Physicians should be aware that ChatGPT and Google likely use the same sources for a specific question. The main difference is that ChatGPT can draw upon multiple sources to create one aggregate response, while Google maintains its distinctness by providing multiple results. For topics with a low consensus and therefore a low number of quality sources, there is a much higher chance that ChatGPT will use less-reliable sources, in which case physicians should take the time to educate patients on the topic or provide resources that give more reliable information. Physician organizations should make it clear when the evidence is limited so that ChatGPT can reflect the lack of quality information or evidence.
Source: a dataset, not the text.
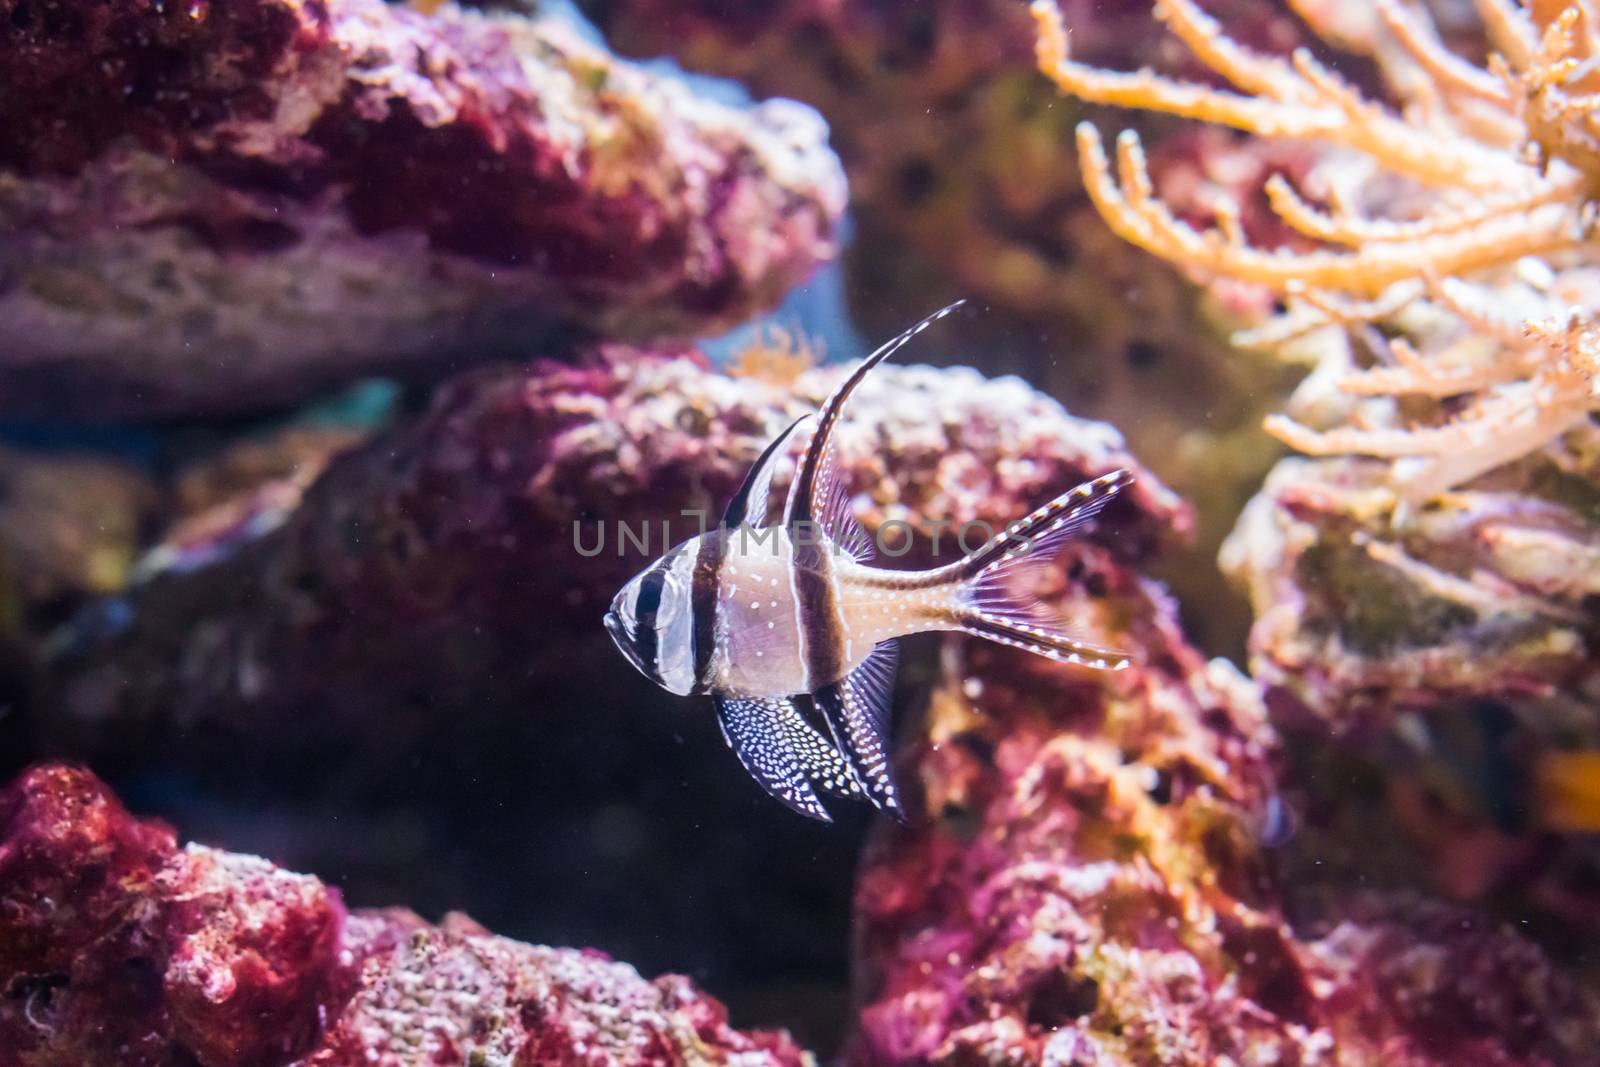 Banggai cardinal fish, a popular aquarium pet that is endangered and only lives in the Banggai islands of Indonesia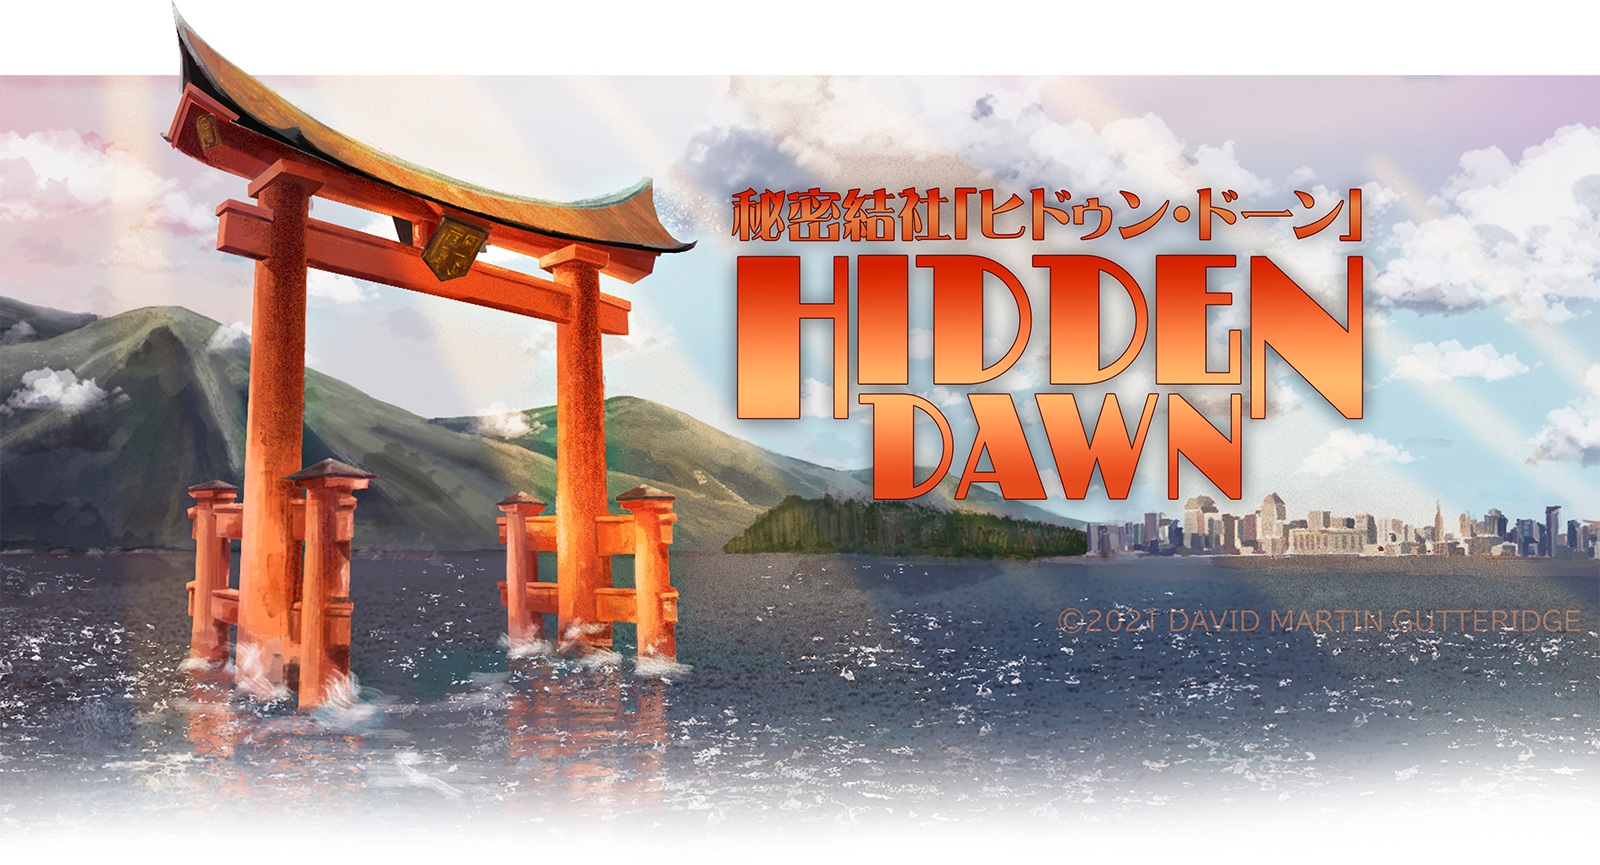 Title graphic for 'Hidden Dawn'.

公众越来越多地将 ChatGPT(一种大型语言模型)用作医学信息的来源。传统搜索引擎(如谷歌)会针对每个搜索查询提供多个不同的回复,并指出每个回复的来源,但 ChatGPT 以散文形式提供段落式回复,而不提供使用的来源,这使得很难或不可能确定这些来源是否可靠。推断 ChatGPT 使用的来源的一种实用方法是文本网络分析。通过了解 ChatGPT 如何将源信息与传统搜索引擎相关联,医生和医生组织可以更好地就如何使用这个新工具向患者提供咨询。
问题/目的:(1)在关键内容词方面,与矫形外科相关主题的查询相比,ChatGPT 和 Google 搜索的回复有何相似之处?(2)基于主题的医学共识水平,谷歌搜索回复的来源分布(学术、政府、商业或科学手稿形式)是否存在差异,以及这如何反映在 ChatGPT 和 Google 搜索回复之间的文本相似度中?(3)这些结果在不同版本的 ChatGPT 之间是否存在差异?
我们评估了三个与矫形条件相关的搜索查询:“腕管综合征的原因是什么?”、“网球肘的原因是什么?”和“拇指关节炎的富血小板血浆?” 选择这些问题是因为它们在医学证据方面分别具有相对较高、中、低的共识。每个问题都向 ChatGPT 版本 3.5 和 4.0 提出了 20 次,总共得到 120 个回复。使用术语频率逆文档频率(TF-IDF)的文本网络分析用于比较 ChatGPT 和 Google 搜索回复之间的文本相似性。在信息检索领域,TF-IDF 是文档集合中关键词对文档重要性的加权统计度量。较高的 TF-IDF 分数表示两个来源之间的相似性越高。TF-IDF 分数通常用于比较和排列文档的文本相似性。使用这种类型的文本网络分析,可以通过计算和汇总 ChatGPT 回复中的所有关键词的 TF-IDF 分数,并将其与每个 Google 搜索结果进行比较,来确定 ChatGPT 和 Google 搜索之间的文本相似性,从而评估它们之间的文本相似性。通过这种方式,可以使用文本相似性来推断相对内容相似性。为了回答我们的第一个问题,我们通过找到 ChatGPT 回复和每个问题的 20 个 Google 搜索结果的 TF-IDF 分数来描述 ChatGPT 和 Google 搜索回复之间的文本相似性。通过使用这些分数,我们可以比较每个 ChatGPT 回复与 Google 搜索结果的相似性。为了提供解释 TF-IDF 值的参考点,我们生成了具有与 Google 搜索结果相同术语分布的随机文本样本。通过将 ChatGPT TF-IDF 与随机文本样本进行比较,我们可以评估 TF-IDF 值是否与随机机会获得的 TF-IDF 值具有统计学意义,并且它允许我们测试文本相似性是否是相对内容相似性的适当定量统计度量。为了回答我们的第二个问题,我们对 Google 搜索结果进行分类,以更好地了解来源。Google 搜索提供了 20 个或更多不同的信息来源,但 ChatGPT 仅对每个查询回复一个散文段落。因此,为了回答这个问题,我们使用 TF-IDF 来确定 ChatGPT 回复是否主要来自四个来源类别之一:学术、政府、商业或采用科学手稿但未经同行评审或在政府网站(如 PubMed)索引的形式。然后,我们比较了 ChatGPT 回复与源类别的 TF-IDF 相似性。为了回答我们的第三个研究问题,我们重复了这两个分析,并比较了使用 ChatGPT 3.5 与 ChatGPT 4.0 时的结果。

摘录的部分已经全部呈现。